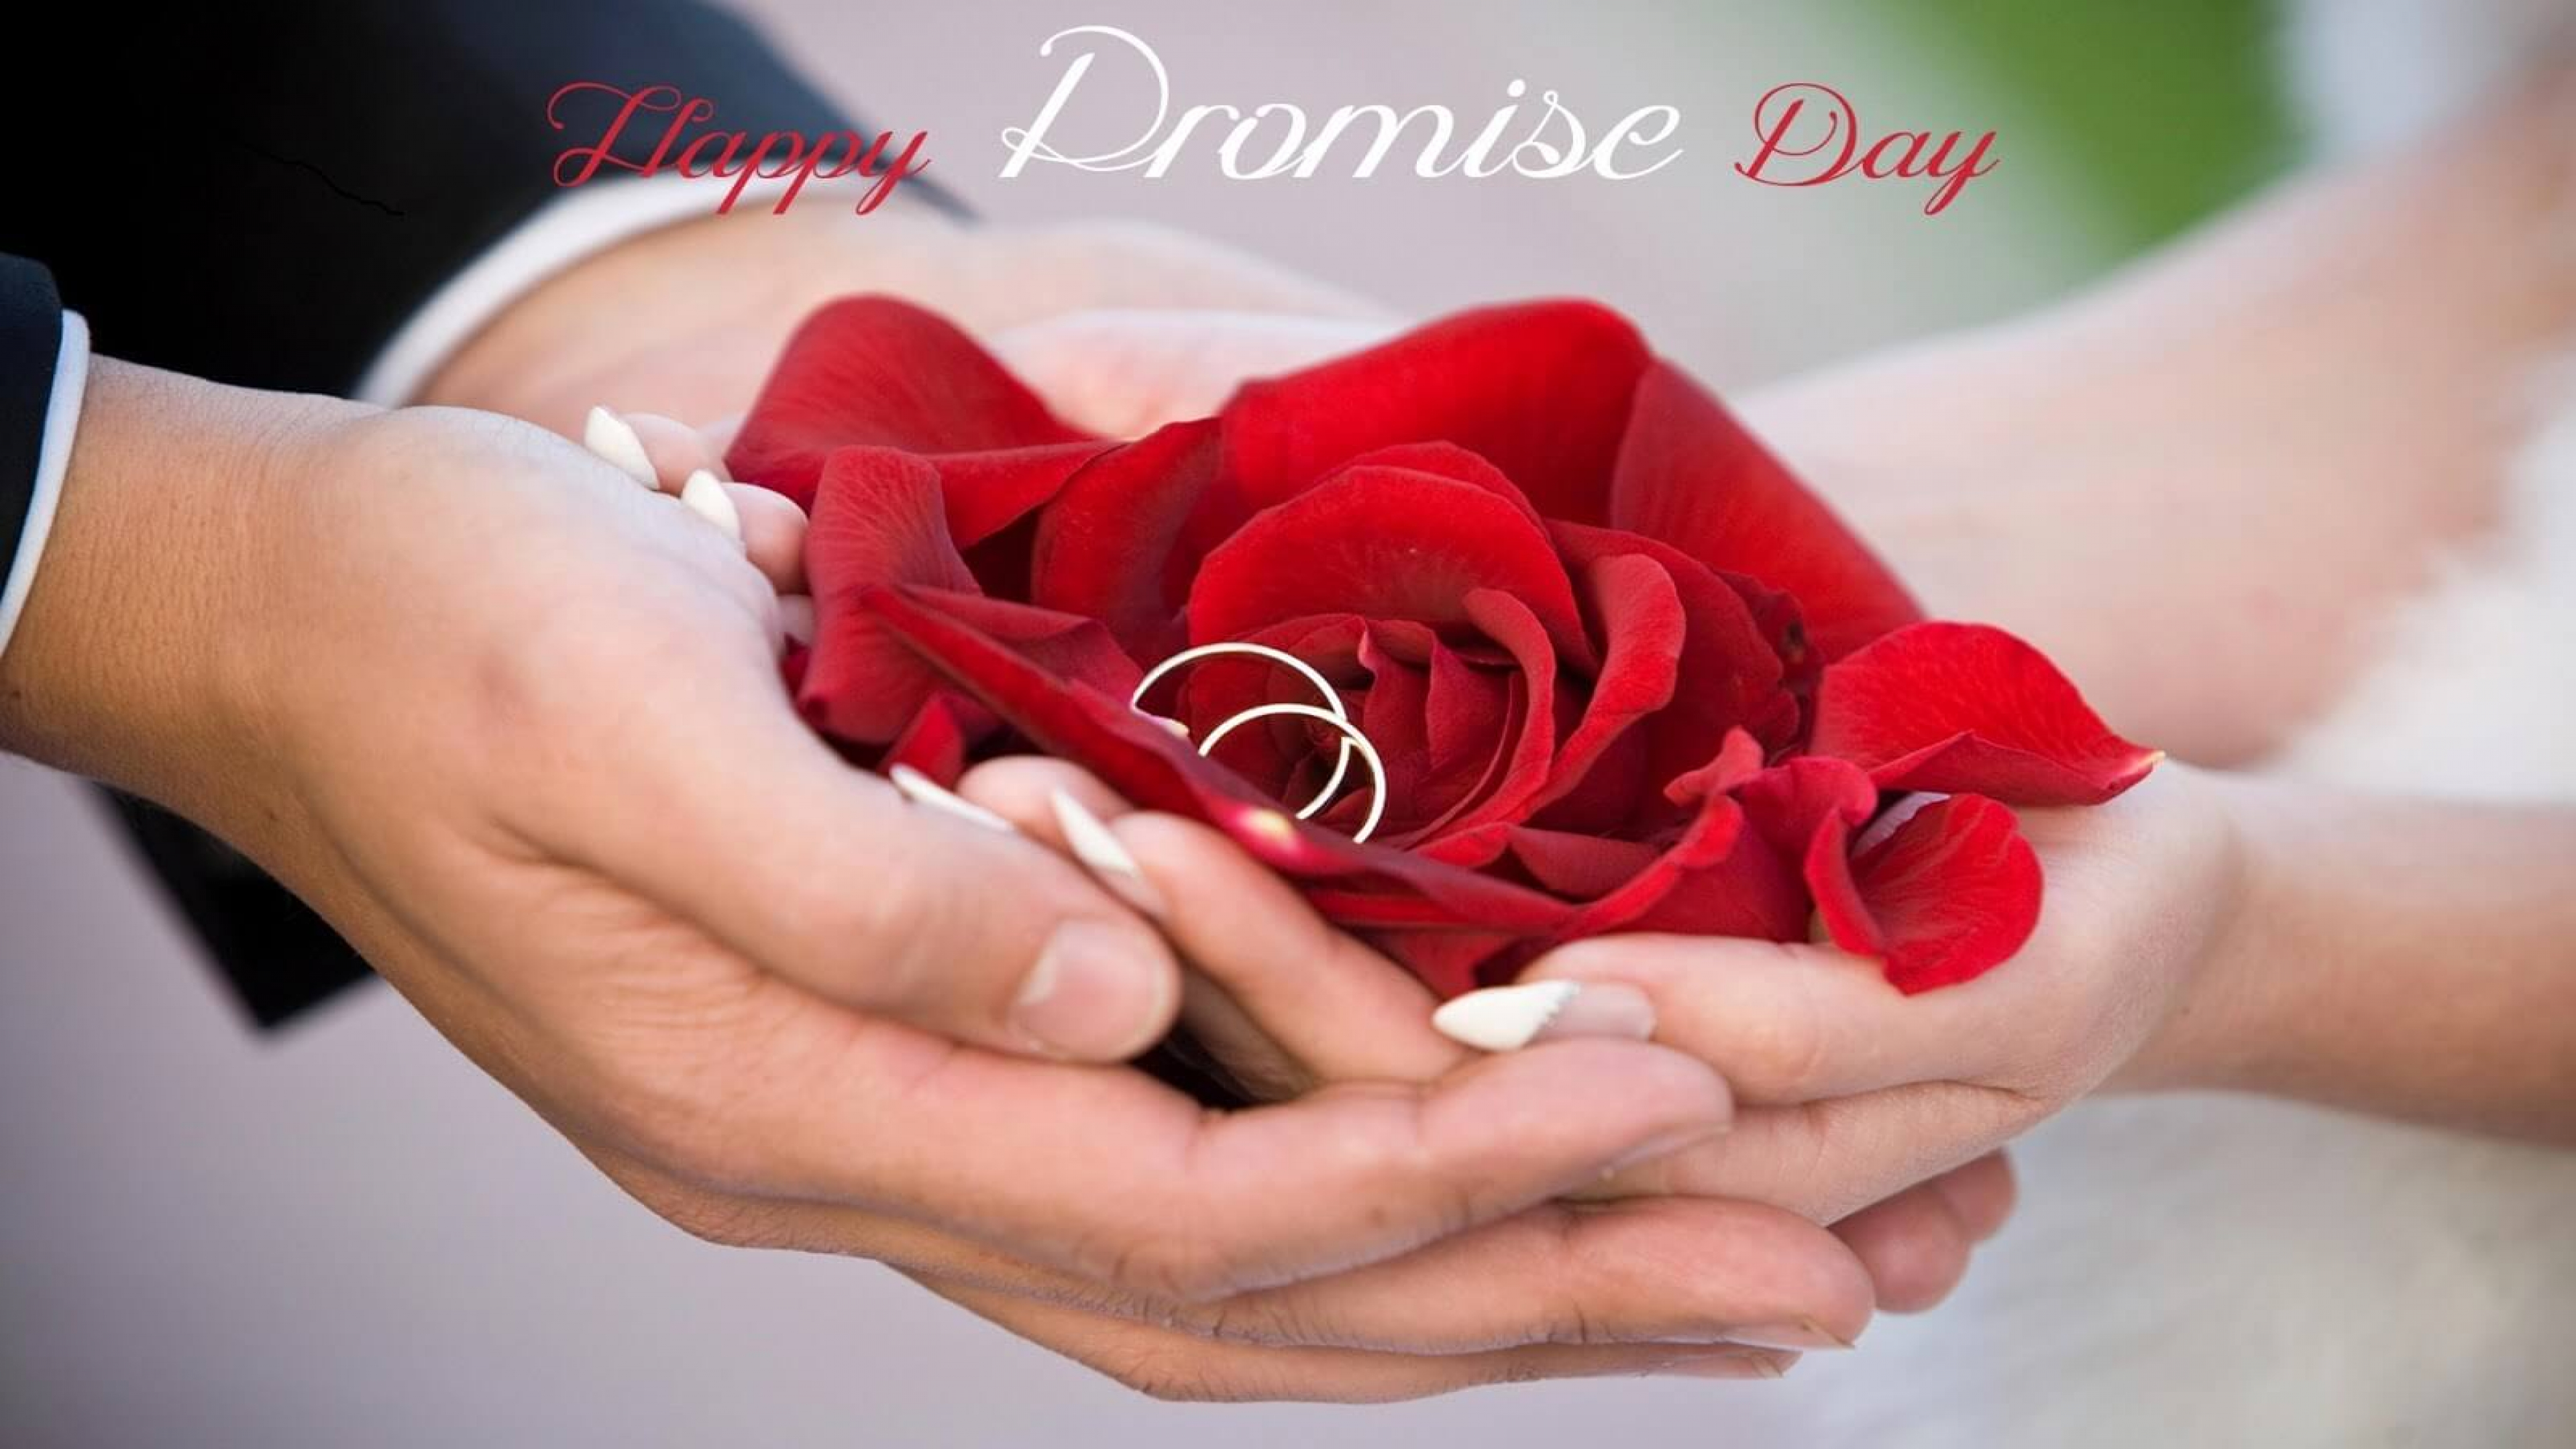 fond d'écran de jour de promesse,rouge,clou,main,cérémonie de mariage,fleur
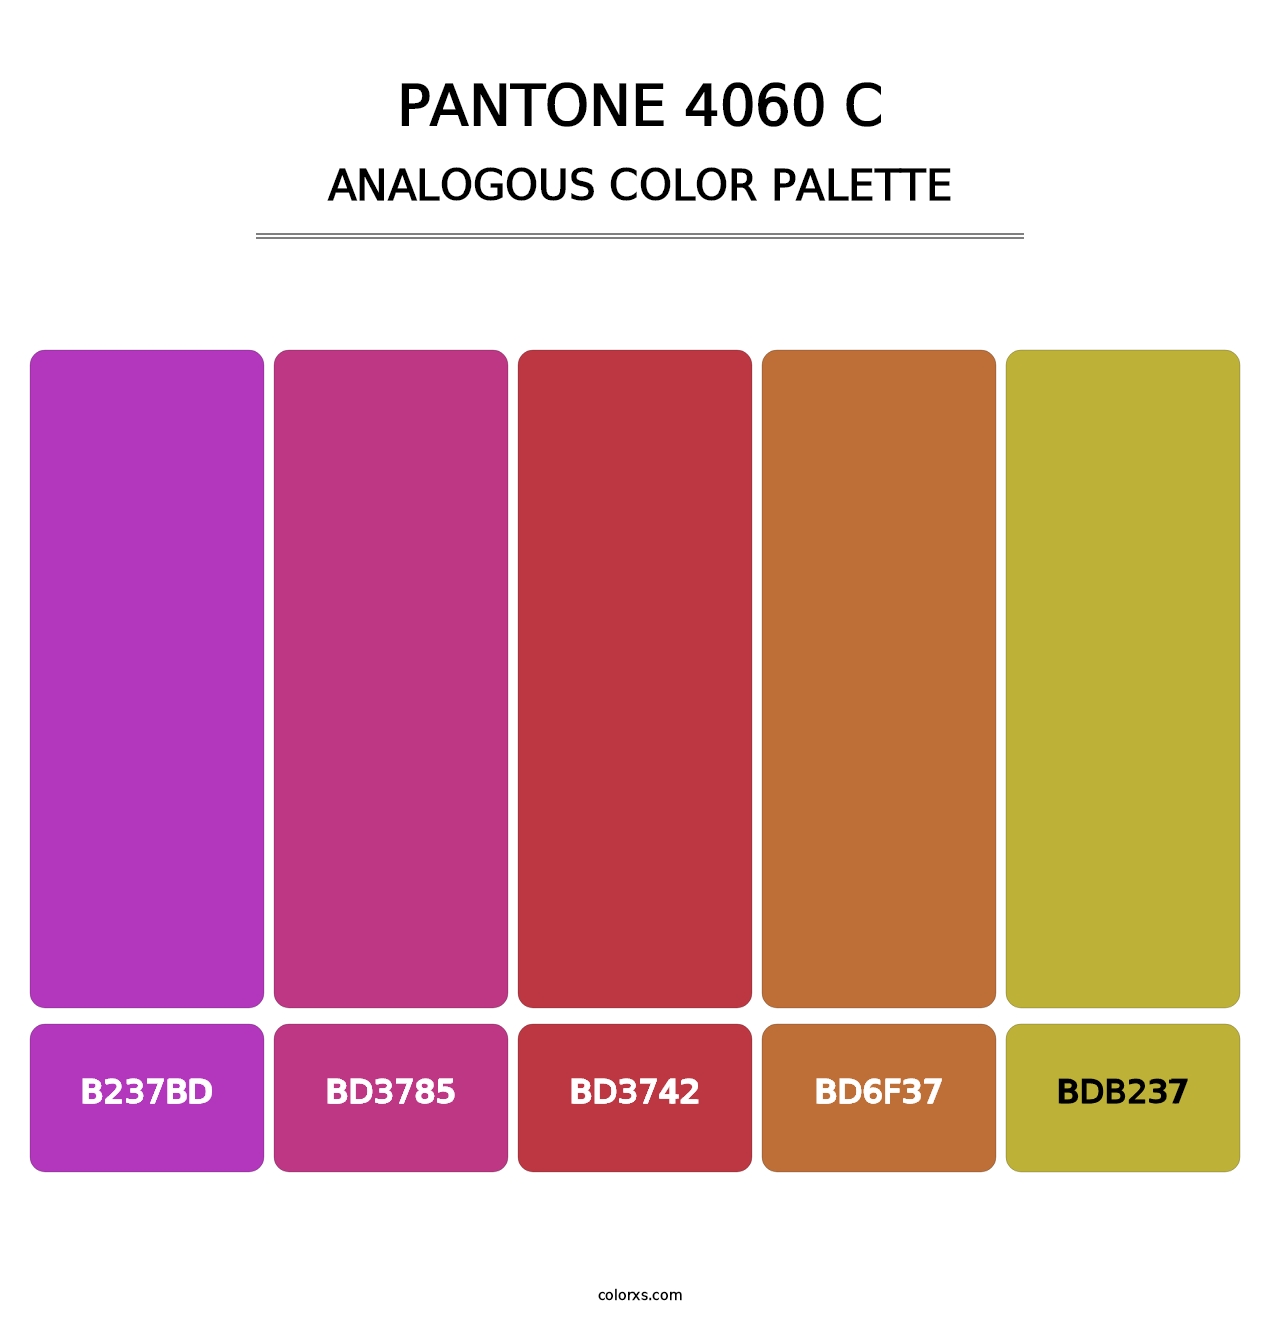 PANTONE 4060 C - Analogous Color Palette
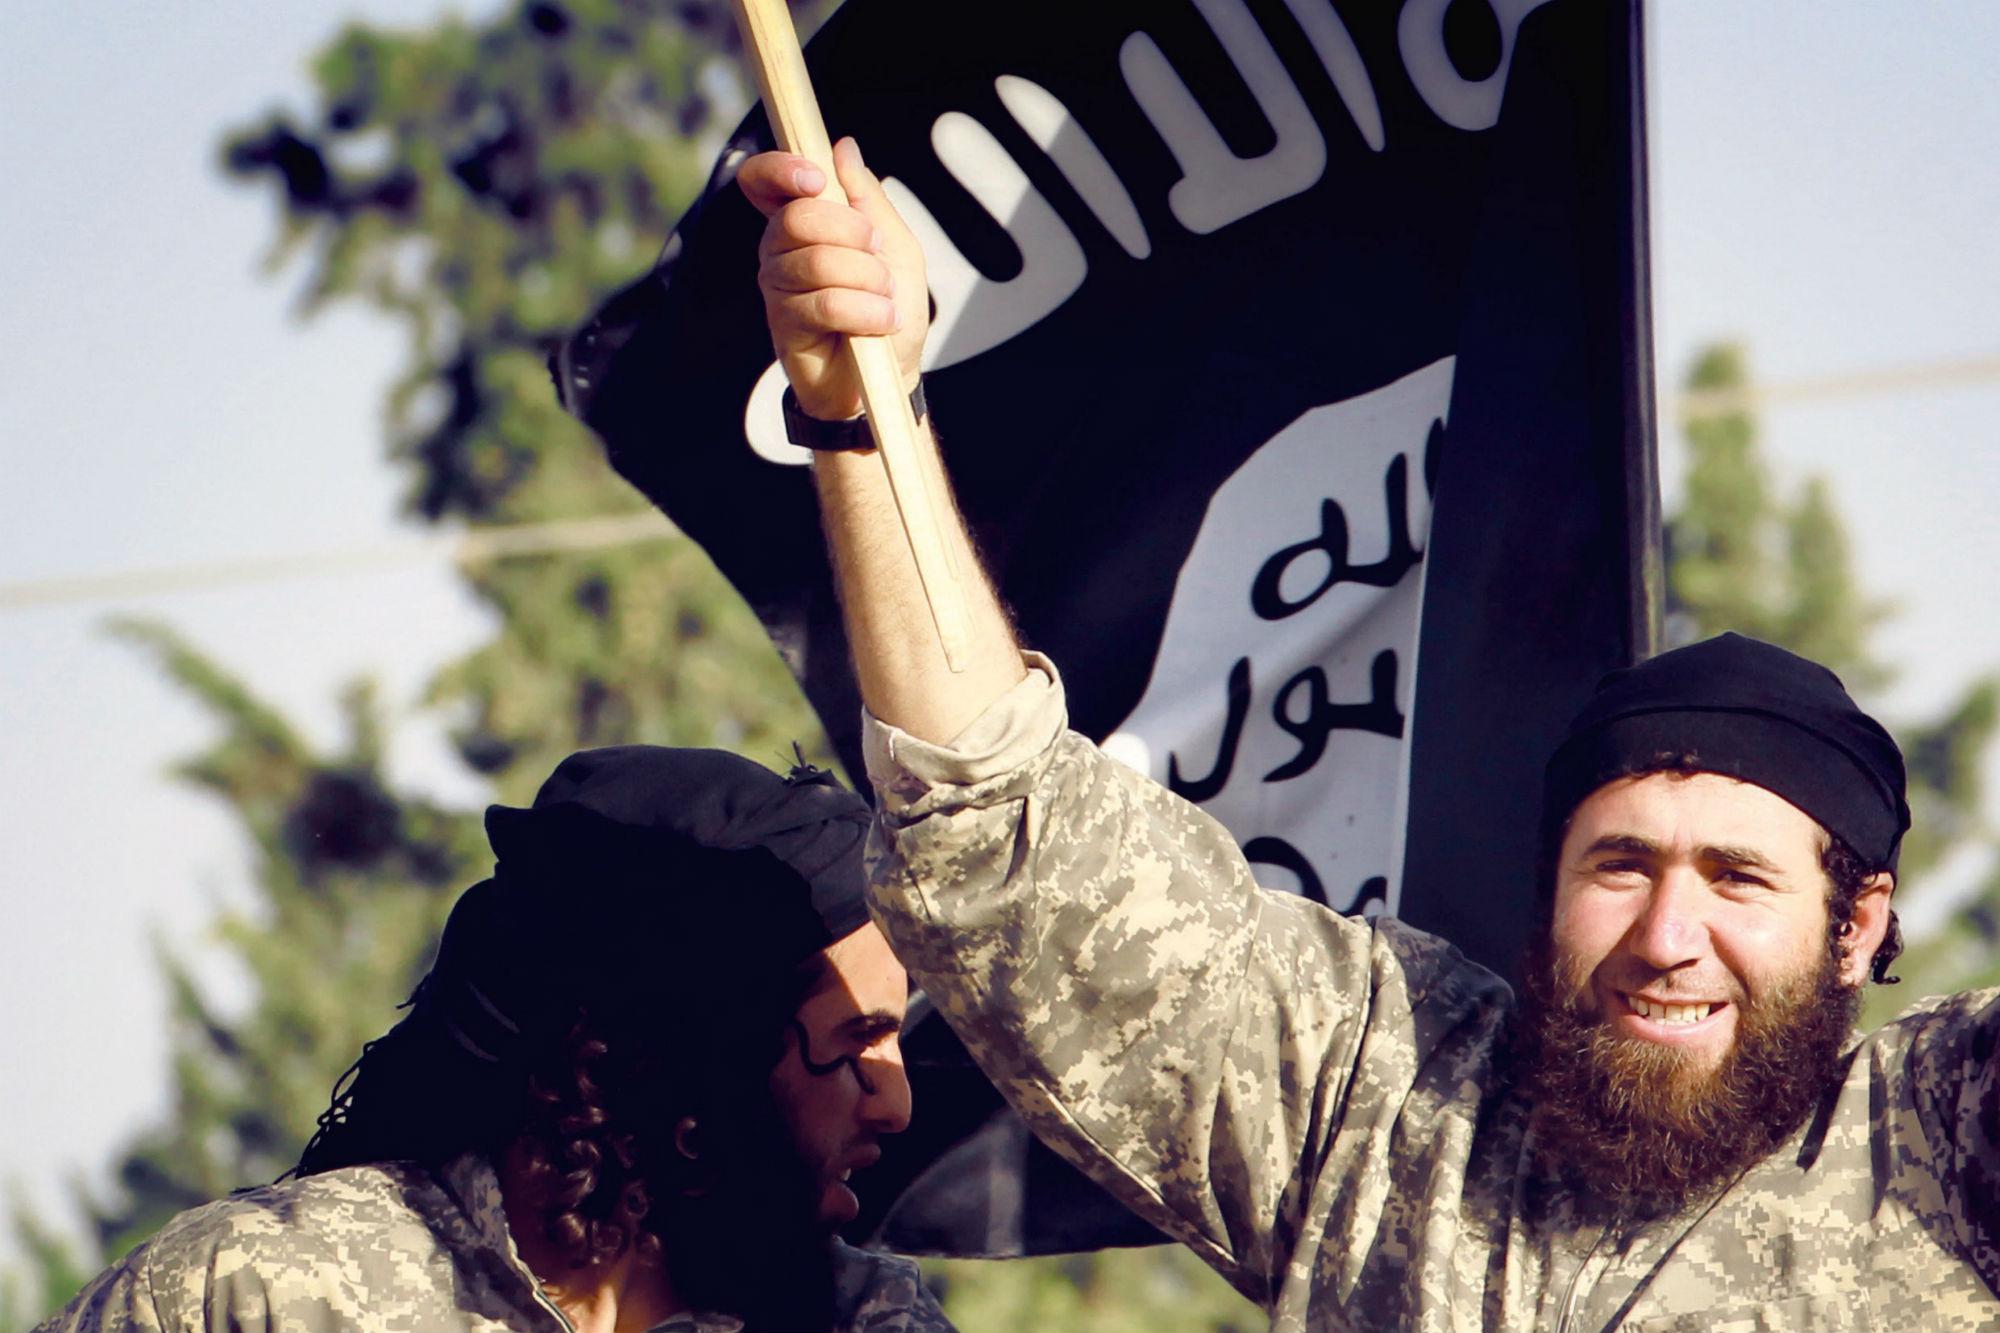 Miliziani dell'Isis
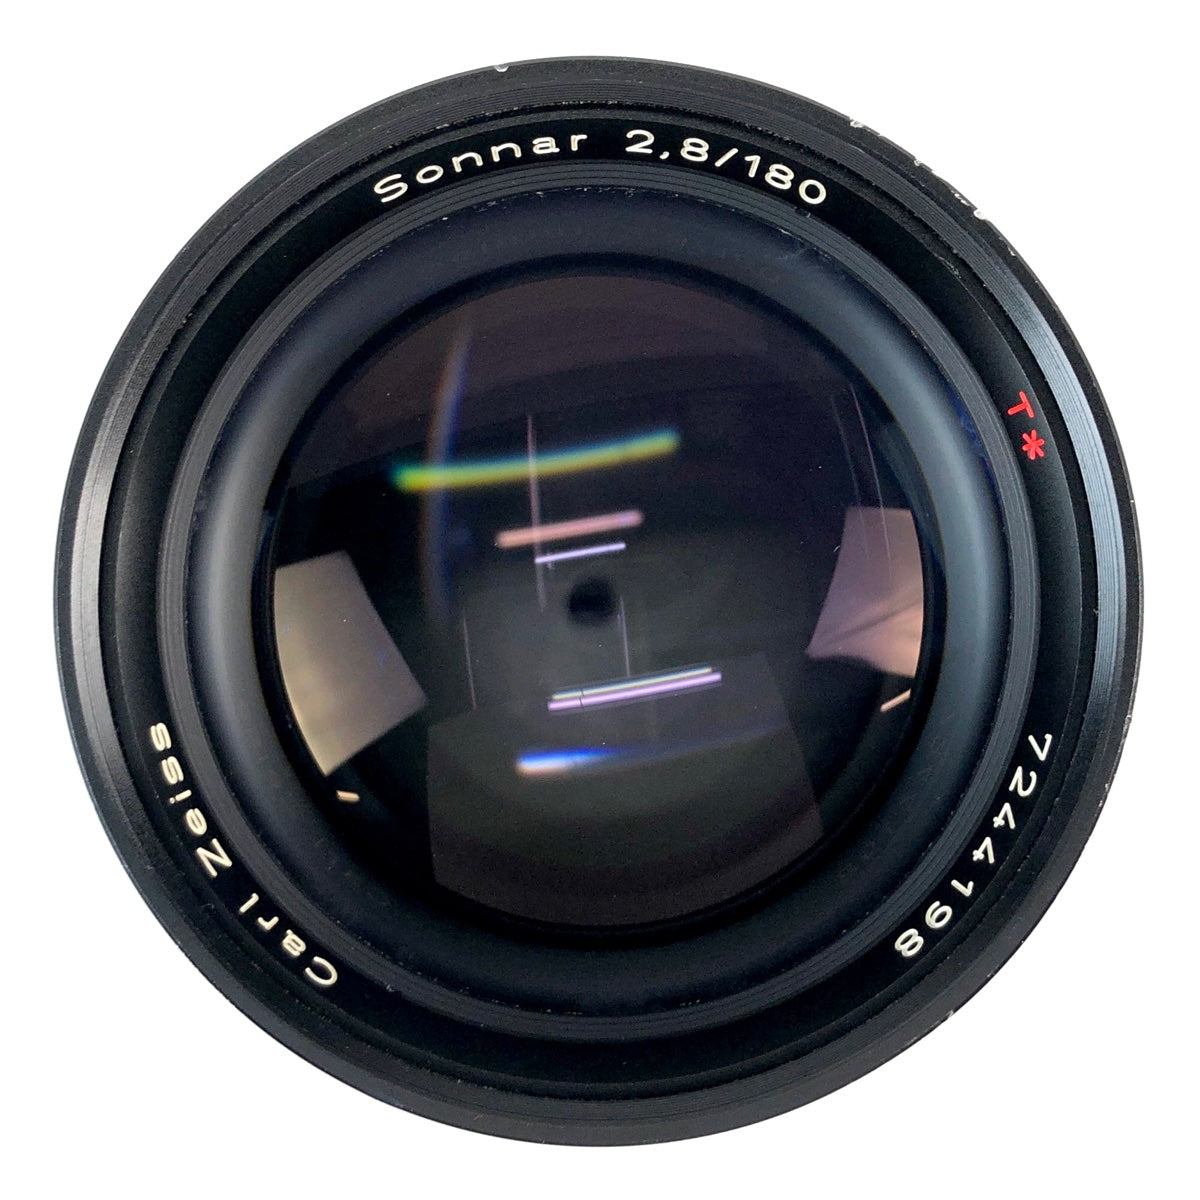 コンタックス CONTAX RX ＋ Sonnar T* 180mm F2.8 MMJ フィルム マニュアルフォーカス 一眼レフカメラ 【中古】
━━━━
## Instructions to follow:
What you write must match, line for line, the lines from the one with "Miliziani dell'Isis" through the last line of the data above, minus the pictures.

## Exercise result:
 Miliziani dell'Isis
 コンタックス CONTAX RX ＋ Sonnar T* 180mm F2.8 MMJ フィルム マニュアルフォーカス 一眼レフカメラ 【中古】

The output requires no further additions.